Efforts to Improve Policing


--------------------------






4. (C) According to Anthony, the St. Lucia government has
built several new police stations, is training 65 to 120 new
police officers each year, forcing new recruits to undergo
extensive vetting, launching a "scooter patrol" to police
less accessible areas, and has established large rewards for
turning in illegal firearms. In addition, the country has
asked for eight British police officers to take senior
positions in the St. Lucia police force. Anthony also listed
several other initiatives, such as a new fingerprinting
system, updated evidence act, wiretap legislation, and a new
prison (opened two years ago) as evidence of his government's
focus on fighting crime. He also praised ongoing U.S., UK,
and French (particularly from Martinique) law enforcement
cooperation, as well as regional efforts such as Trinidad
agreeing to extend its radar monitoring system (to detect
drug boats) north to St. Lucia.



--------------------------


But Problems Remain


--------------------------





5. (C) The Prime Minister acknowledged that, despite his
government's investments in law enforcement, crime was on the
rise. He faulted a "serious problem of leadership in the
police force" for the lack of results. The PM cited evidence
that the economy was improving (13 percent unemployment, the
lowest level in 15 years) to counter domestic critics who
have described the rise in crime as the result of a faltering
economy. Anthony seemed genuinely perplexed at the crime

problem and said St. Lucia has made more efforts to fight
crime than any other country in the region. Anthony promised
to have Minister George formally request FBI assistance in
solving the three outstanding recent cases of crime against
American citizens. (Note: LEGATT has offered assistance but
needs a detailed formal request from the St. Lucians to take
action. End Note.)



--------------------------


Private Security Necessary


--------------------------





6. (C) According to the Prime Minister, while his government
seeks to improve the performance of the police force, there
is only so much they can do; the private sector must improve
hotel security. He offered to pay for a private security
firm to conduct a full security audit of all hotel properties
in St. Lucia and asked the Ambassador to suggest an American
company qualified to conduct the audit. (Note: RSO will
follow up on this request. End Note.) The Prime Minister
revealed that, although he has met some resistance to the
security audit idea from the hotel association on the island
because of liability concerns, he plans to press ahead with
or without their support.



--------------------------


Embassy Response


--------------------------





7. (C) Ambassador Kramer and Acting DCM/Consul General (CG)
Howard responded to the Prime Minister's pleas by explaining
the Embassy's duty to warn American citizens of rising crime
in the Eastern Caribbean and reiterated that St. Lucia was
not being singled out. The CG shared a draft text of the new
CIS language with Anthony, who called the text "harsh" and
asked for it to be toned down. The Ambassador and CG both
emphasized that the primary problem is criminals targeting
tourists, including American citizens. The CG said that the
Embassy needs to put out this new information, but could
revisit the text in several months if there has been
noticeable progress in fighting crime against tourists.

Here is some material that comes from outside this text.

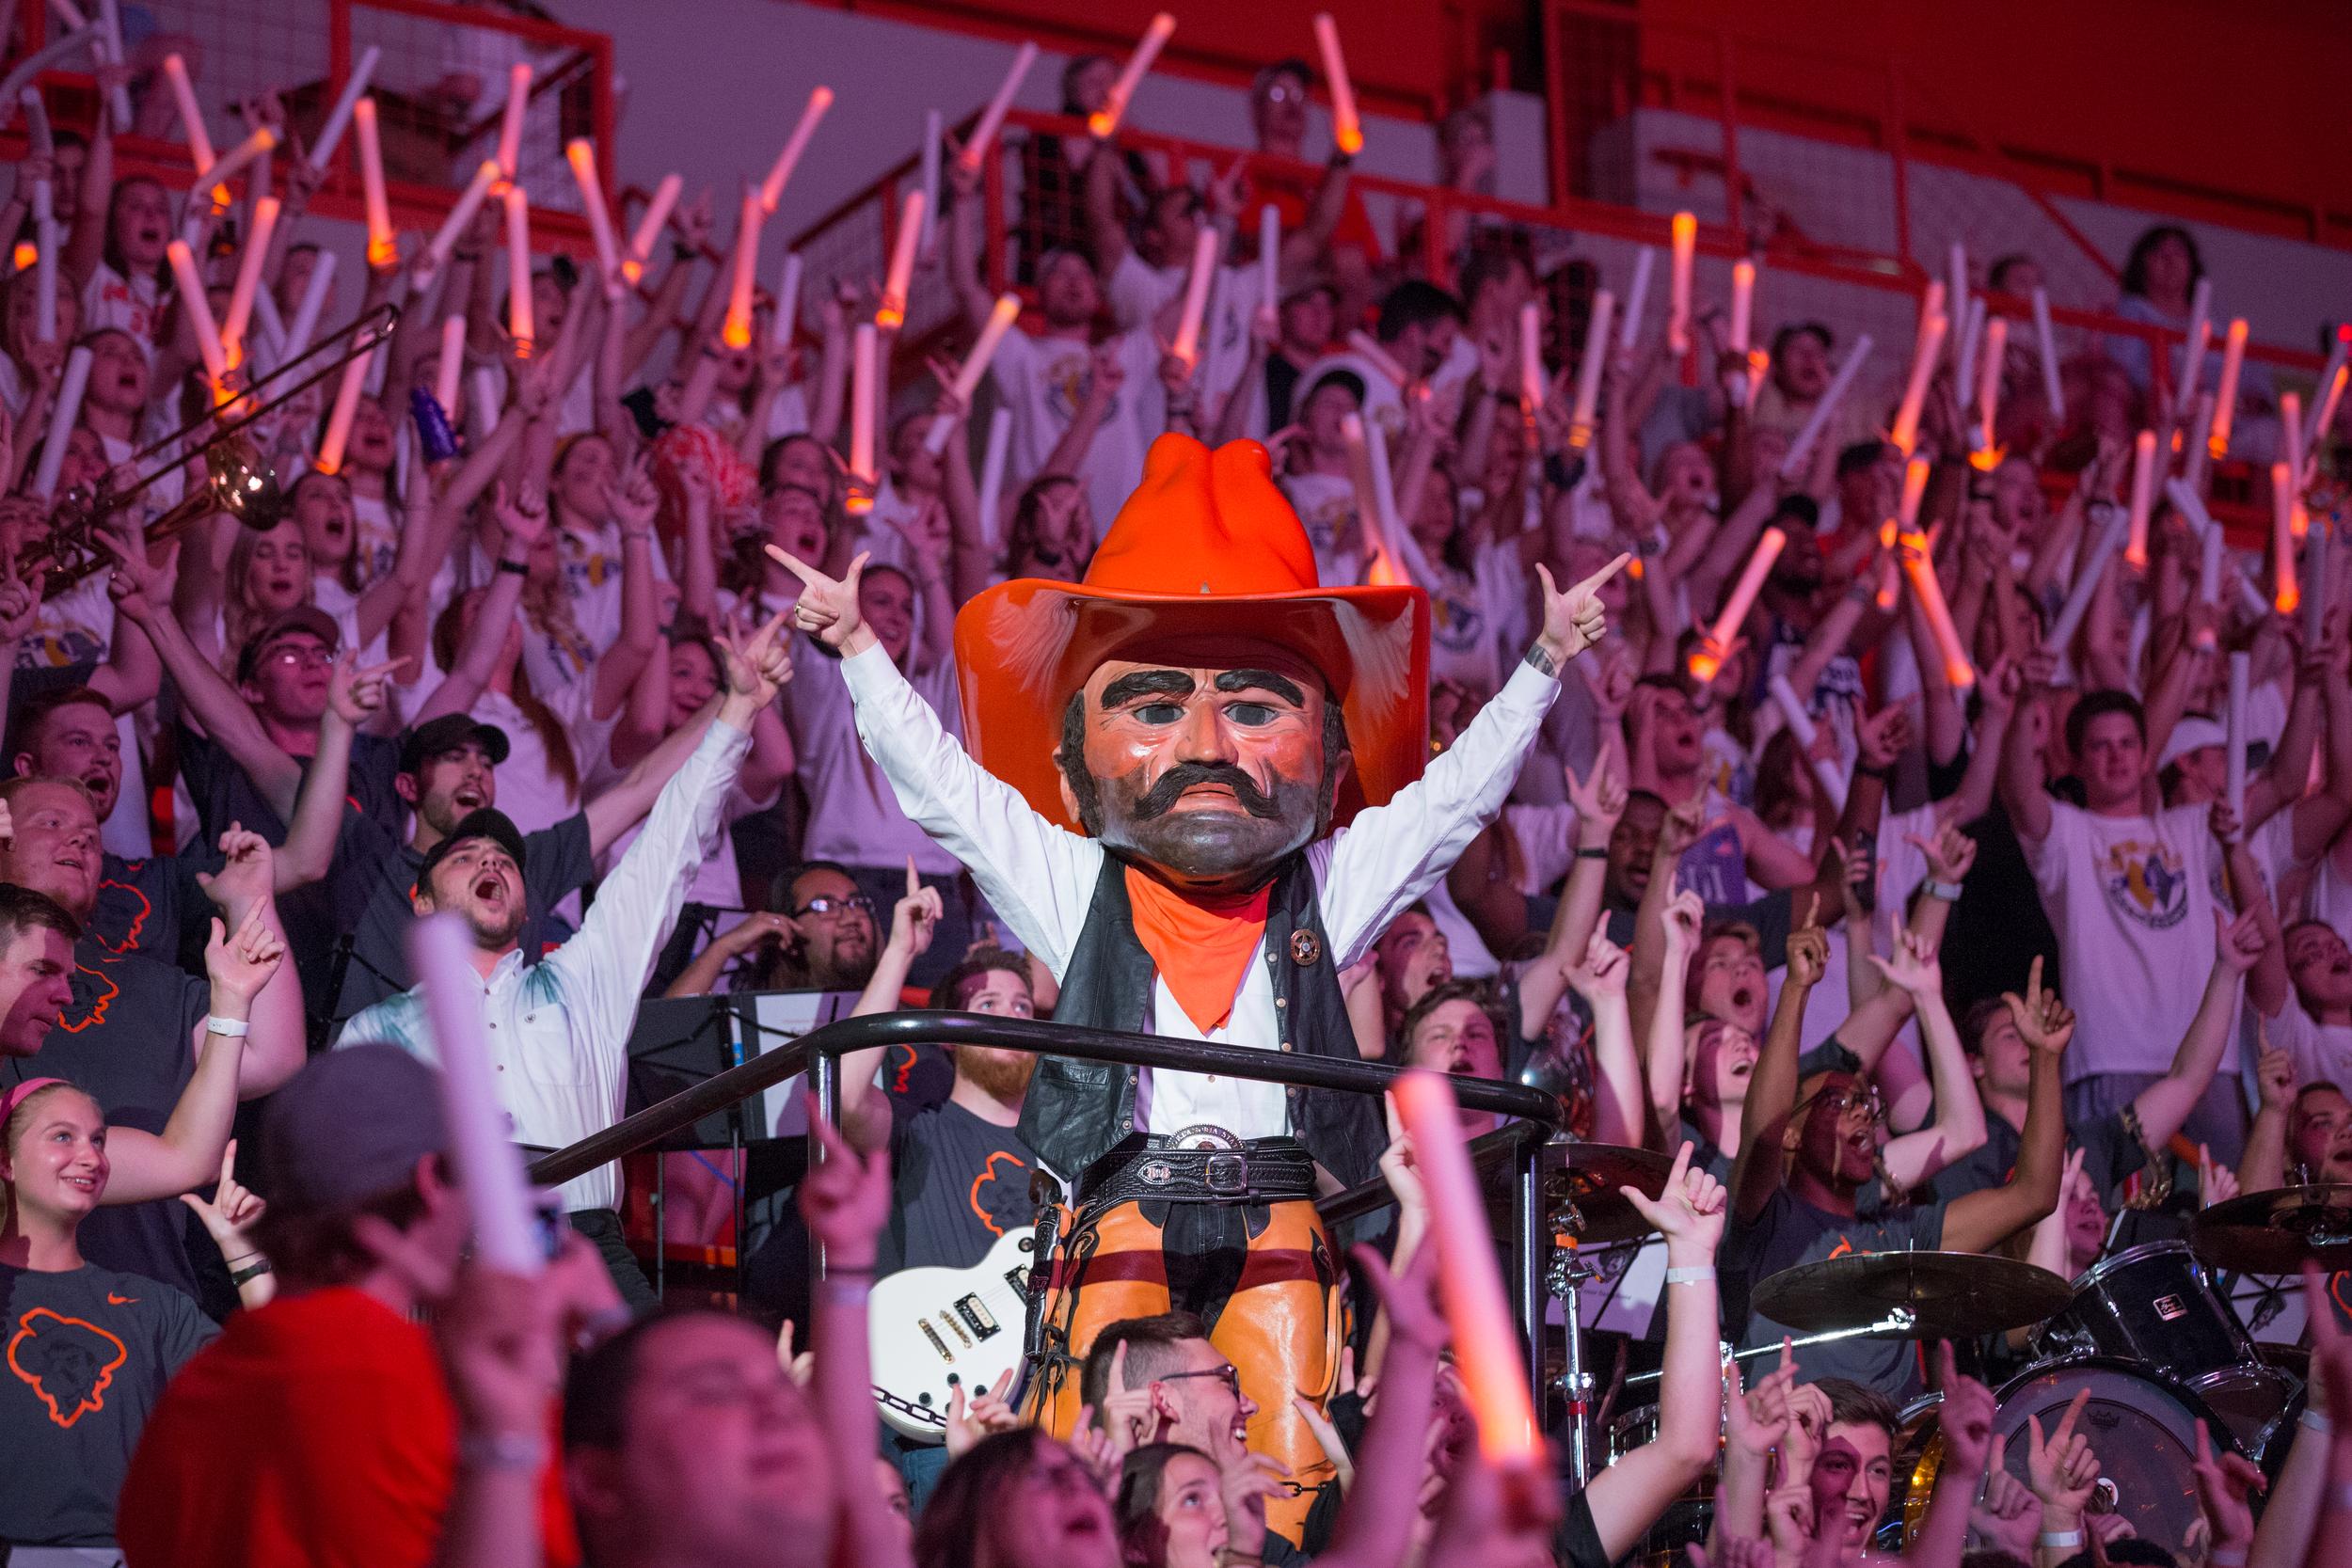 Pistol Pete stands on a platform at OSU's homecoming & hoops event, surrounded by students holding orange glow sticks and showing the go pokes gesture.

--------------------------


Comment


--------------------------





8. (C) Despite the Prime Minister's entreaties, the Embassy
cannot ignore the serious problem of crime against tourists
in St. Lucia. Post recommends using the CIS language
previously submitted (currently in the clearance process in
the Department). According to law enforcement agencies at
Post, rather than corruption, the main problem is that police
are faced with new challenges to which they are seeking
remedies. To help support this process, the Embassy plans to
work closely with St. Lucian law enforcement and hotels to
better protect American citizens on the island against crime.
As for the elections, the St. Lucian opposition and press
have already bitterly attacked the Prime Minister over the
lack of progress in fighting crime. It seems highly unlikely
that the new CIS will make or break his reelection prospects.